___ Supplied records ___
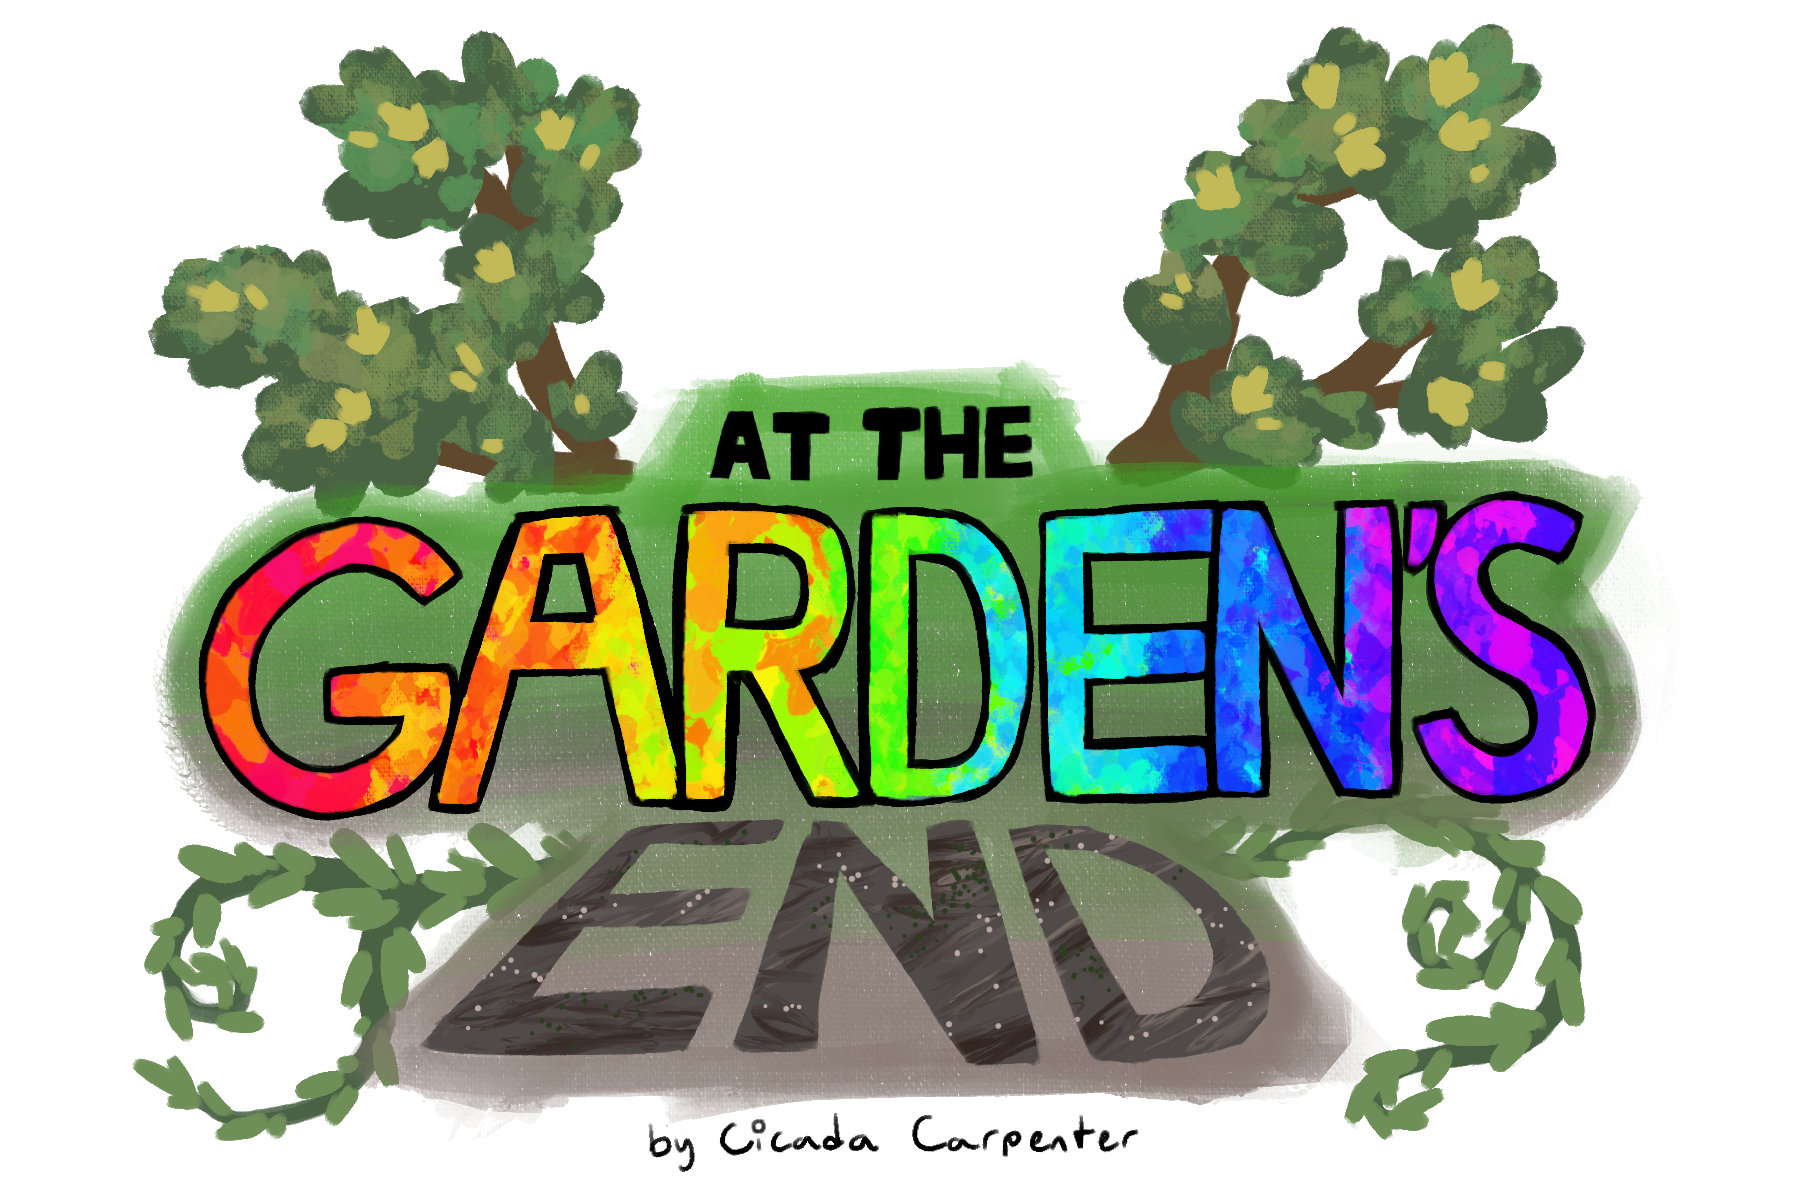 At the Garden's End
___
___ Supplied records ___
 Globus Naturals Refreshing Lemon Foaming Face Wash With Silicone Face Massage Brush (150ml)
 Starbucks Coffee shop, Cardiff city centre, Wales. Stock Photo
___
Print exactly the lines of the listing above starting at the line containing "Globus Naturals Refreshing" and ending at the line containing "Starbucks Coffee shop, Cardiff", both included.

 Globus Naturals Refreshing Lemon Foaming Face Wash With Silicone Face Massage Brush (150ml)
 Starbucks Coffee shop, Cardiff city centre, Wales. Stock Photo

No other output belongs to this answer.